Situation 1 Constructivist way of dealing with this
conflict
- Don’t
interfere in the beginning.
- If it
reaches a point that the children begin to physically battle for the
piece, immediately interfere.
- Maintain
your calm and don’t show any anxiety.
- Begin
questioning both G and D. Help them develop a shared focus of attention so
that all the parties know what problem they would be discussing about.
- Comfort
G who is crying uncontrollably.
- Ask
questions like ‘What happened?’, ‘Who was playing first?’, and ‘Who broke
the piece?’ Make sure you hear both sides of story.
- Hopefully
and most probably D will admit that he broke the piece.
- You can say, ‘D, G is feeling really sad
right now and he is crying, what can we do to make him feel better?’ and
‘What can we do to solve this problem?’
- You
can ‘suggest’ that they need to do something to fix the broken piece.
- In
this way you validate the emotional feelings involved in the situation.
- Hopefully
G will come up with ideas like taping it up or you can suggest.
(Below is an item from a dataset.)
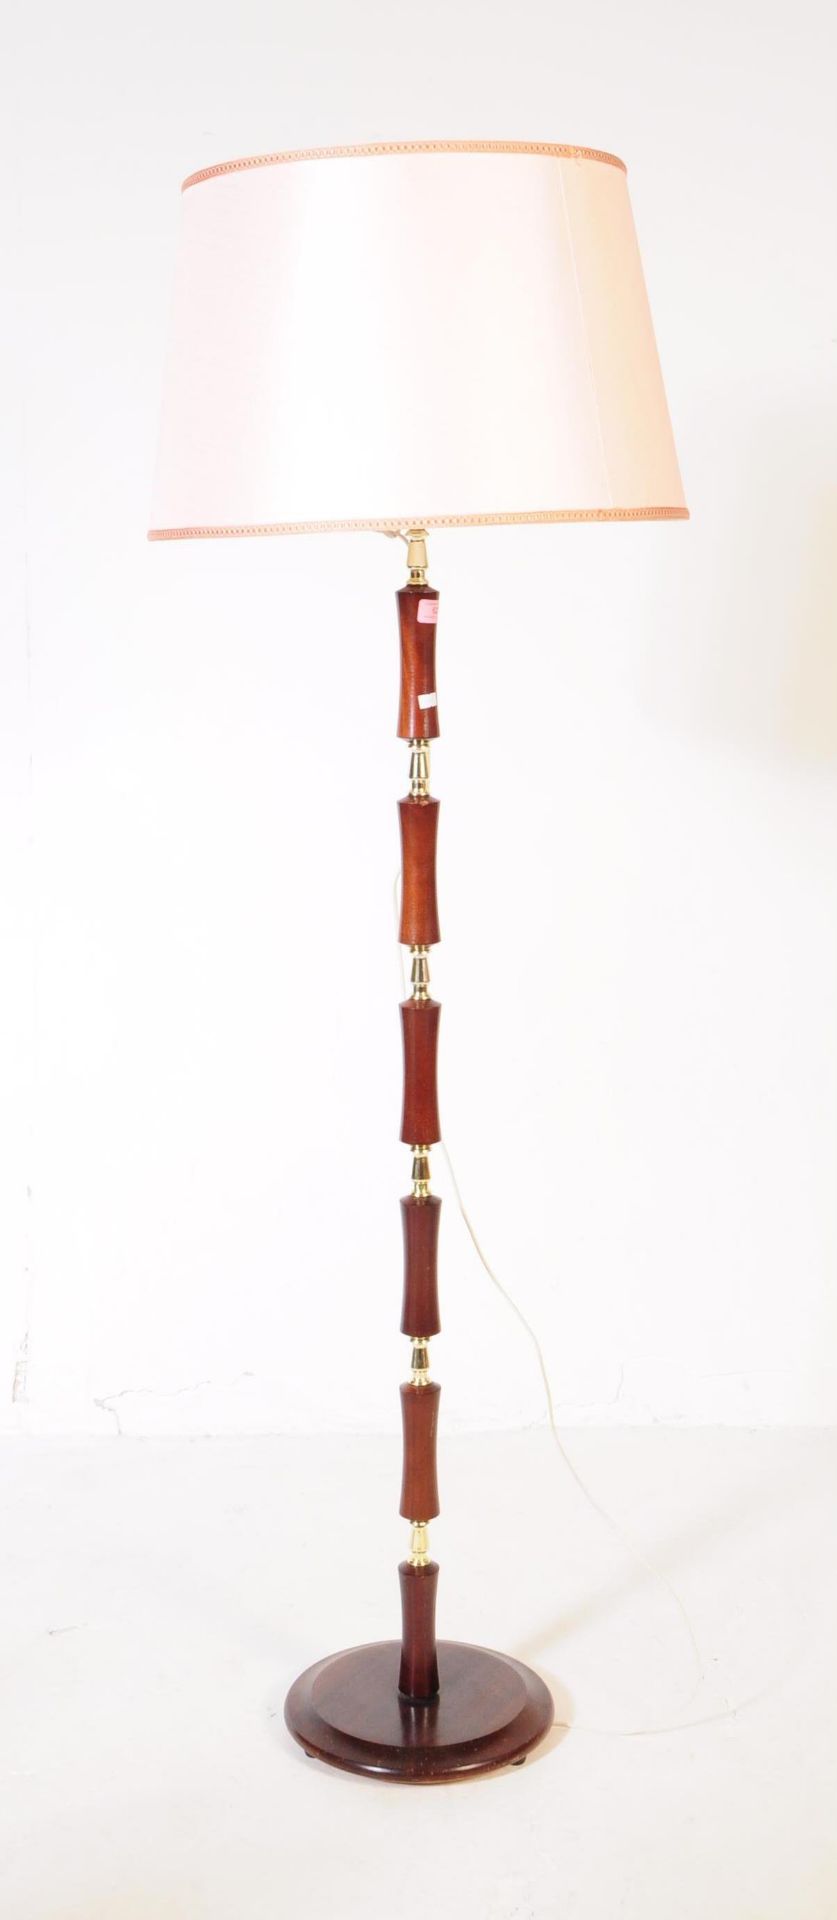 BRITISH MODERN DESIGN - MID CENTURY STANDARD LAMP
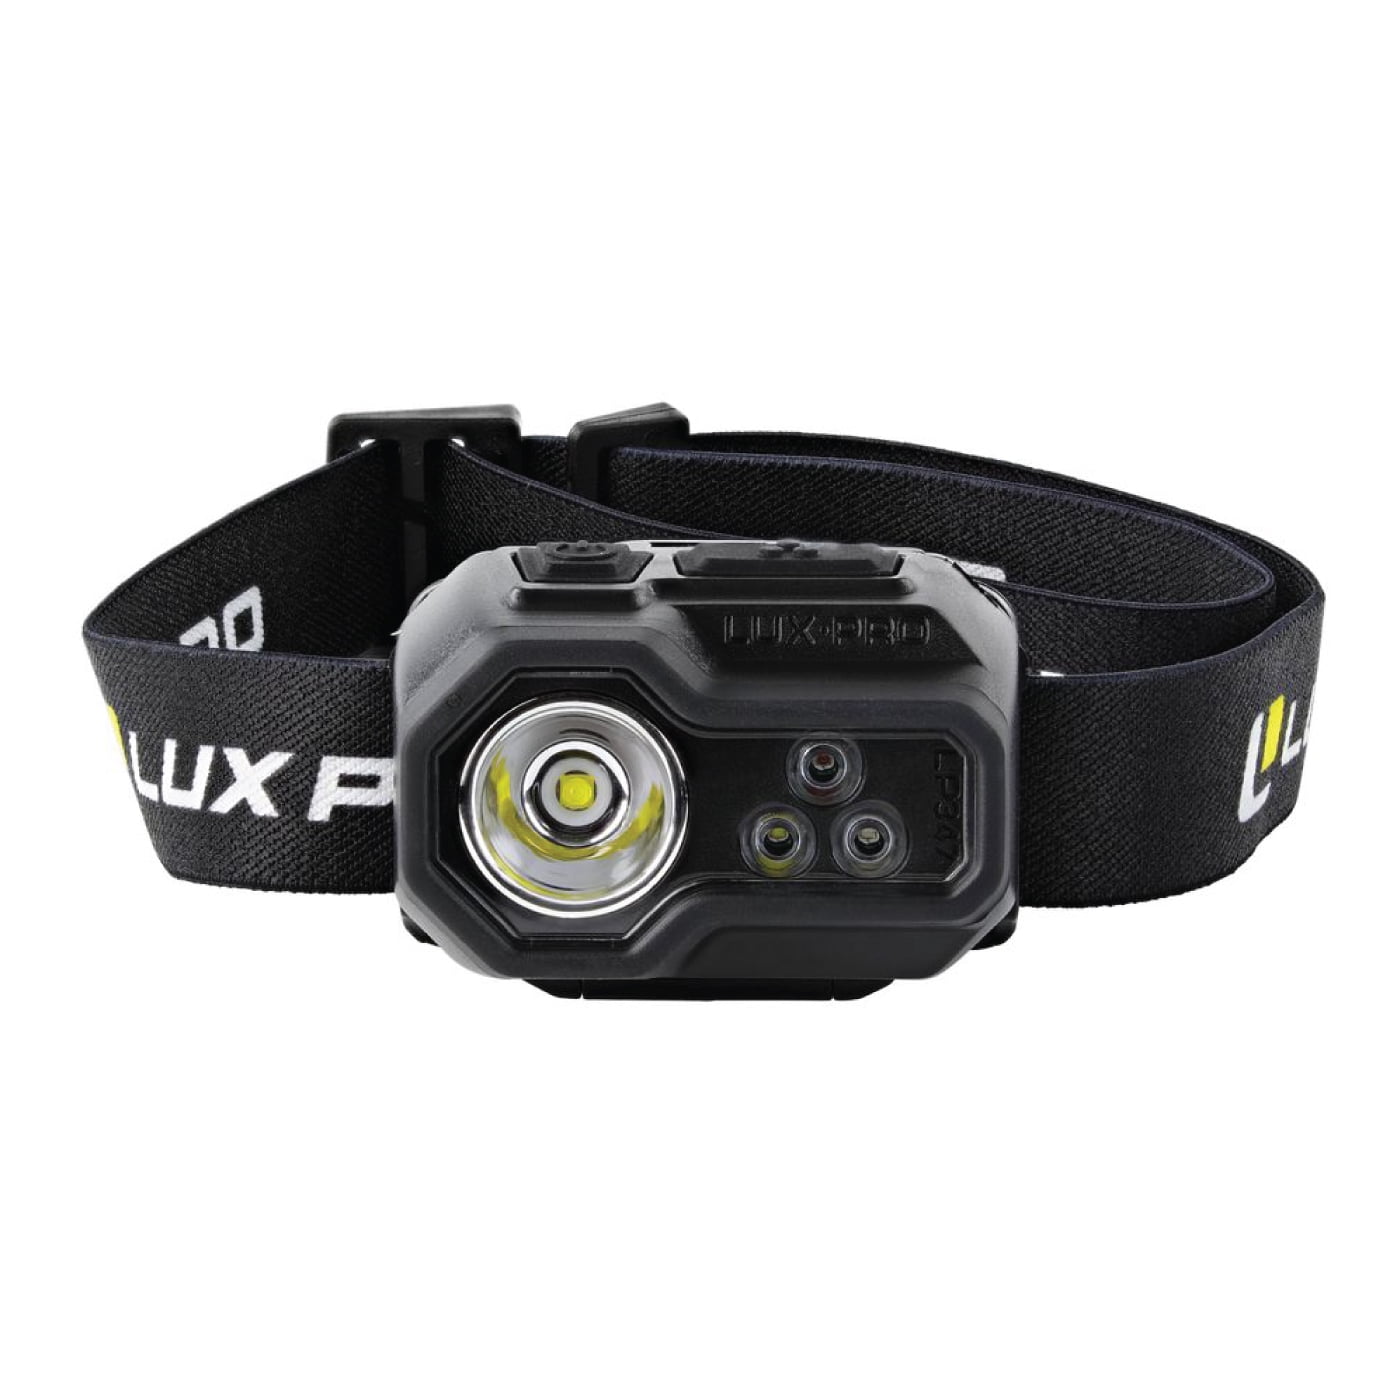 Lux-pro LP346 Multi Mode 300 Lumen LED Headlamp for sale online

- Help D tape up the two pieces.
- Then ‘casually’ tell them that if a situation like this arise in future, it is best to wait turns or use words to negotiate how the game has to be played and if you can’t come to an agreement you can get an adult.
Situation 1 Analysis
- The
process here is: 1.Identification of conflict 2.Comforting
the hurt child 3.Working
towards its solution.
- D got
a chance to restore his relationship with G and his own self-esteem.
- D
didn’t feel that he was a bad person instead he felt good about himself
that he had mended the broken piece and made G feel better.
- G was happy that you recognized his
concerns and comforted him and D did something to make him feel better.
Hence, none of the children carried negative feelings for
the other. Instead, it made the bond of friendship stronger between them.